By Shack | Season 2 | Episode 20 | Aired on 05.18.2003
Now it's Clay's turn to sing something we've already heard before. Clay sings "Don't Let The Sun Go Down On Me," which is a perfect song for him, what with it being ridiculously over the top anyway. He tilts his head back and belts and smirks and sings and belts and pops his head around. The audience loves it. I realized that the reason my recaps seem to be getting shorter is because they sound the same every single time, and I'm running out of interesting ways to say it. The wad is about all but shot.

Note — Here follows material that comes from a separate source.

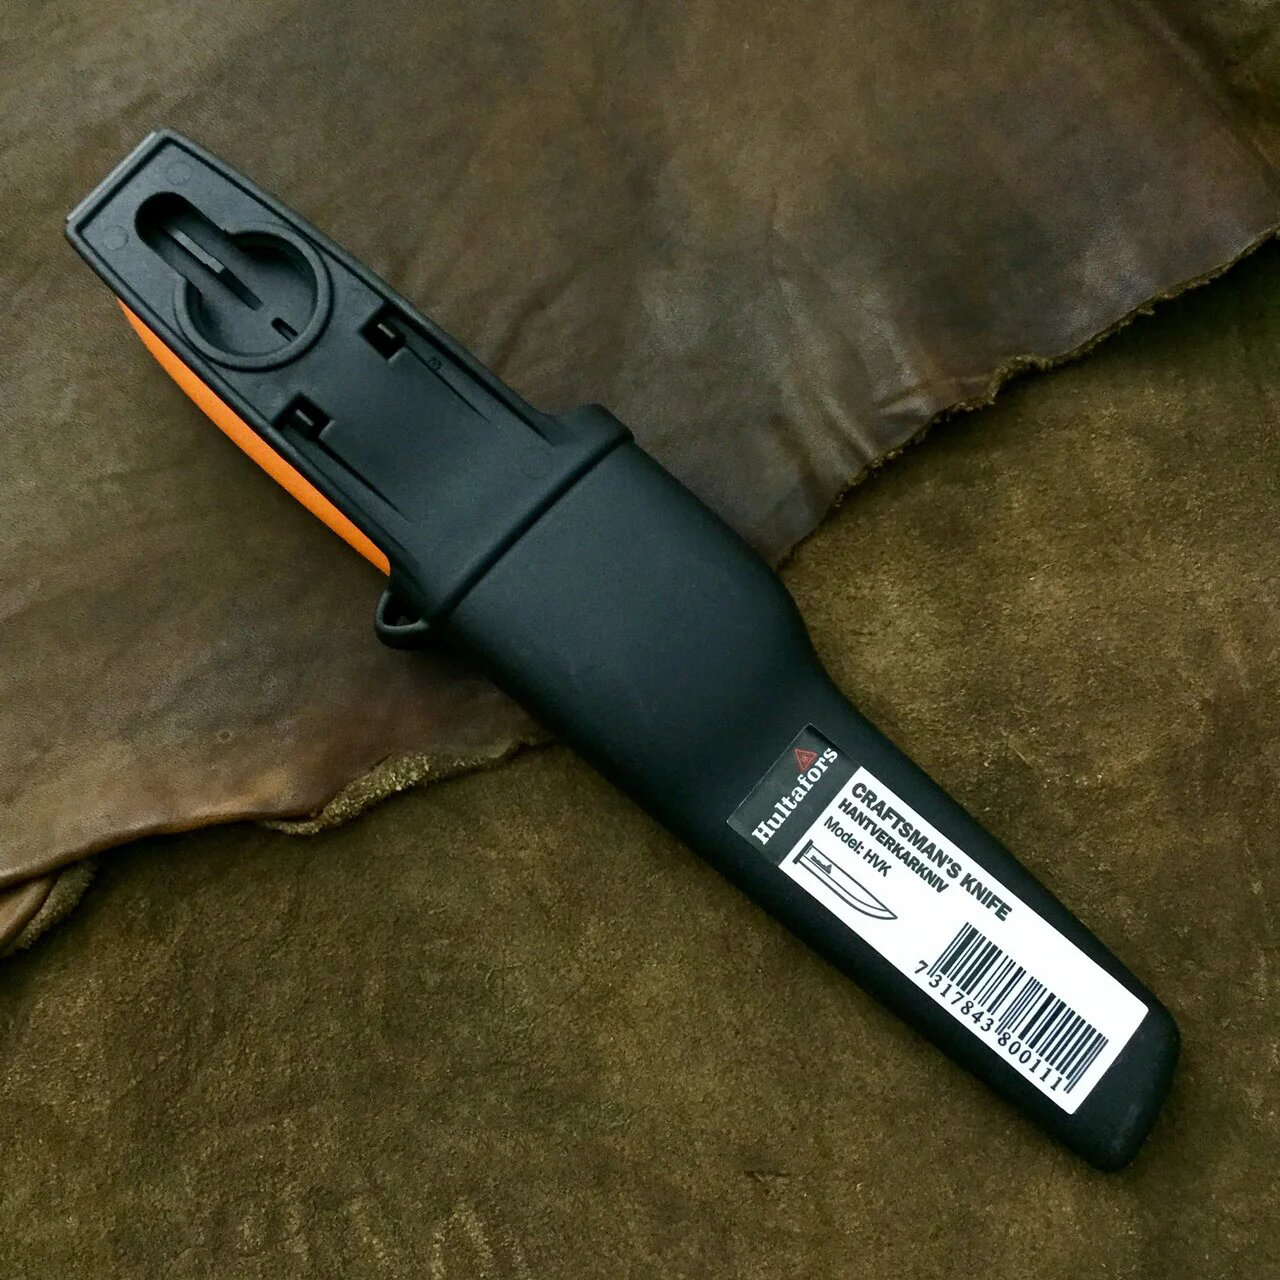 фото Нож строительный hultafors hvk, сталь углеродистая, рукоять полипропилен, оранжевый

Commercials. When we return, there's still more time to kill in this pointless hour. Let's take some questions from "random" audience members. Much like how the finalists picked their songs "randomly" last week. A woman asks Ruben who he'd like to perform with when he becomes a "star." He reveals that he wants to do a duet with Tamyra Gray. In fact, it sounds like he did do a duet with Tamyra, for some song called "If This World Were Mine." Well, how lucky that this audience member just happened to ask him about it. Some girl softballs a question to Clay about what he finds most appealing about becoming the American Idol. Clay wants to have "influence." Oh, heaven spare me from performers with aspirations of influence. I want to make the world a better place with my talented epiglottis! People should be nice to each other! Stop being so mean! Hey, are you listening to me? Don't switch over to Eminem! Come back! Ryan challenges Clay on this, not understanding how somebody couldn't devote his life to drinking in any second of fame available. Clay responds that he certainly wouldn't turn down fame and fortune, but people pick a job because they enjoy it. Not because of the money. Yes, those folks down at the chicken processing plant working twelve hours a day for minimum wage look really happy. Some hunky chipster named Dan with really, really nice arms (What? Shut up) asks Randy, "What's up, dawg?" Randy says he's chillin'. That's not the actual question. He asks Randy what advice he has for the other two judges. Randy has nothing of importance to say. Paula's fine. Simon needs a tan. Ryan throws the question over to Paula. She's equally incomprehensible. She thinks Randy is fine, and her suggestion for Simon is, "Whatever." Which, coincidentally, is what Paula's doctor has written on her prescription orders. Simon's advice, predictably, is "Listen to me."
Ryan runs back up to the stage and pulls Ruben and Clay back to the stage. Ryan's going to flip a coin to determine who goes first. Ruben calls it. He calls heads. It's tails. Clay gets to choose. Clay chooses to go last, the final spot being the prime real estate for glory-note whores. Are we done? No, not really. We are, but we're not.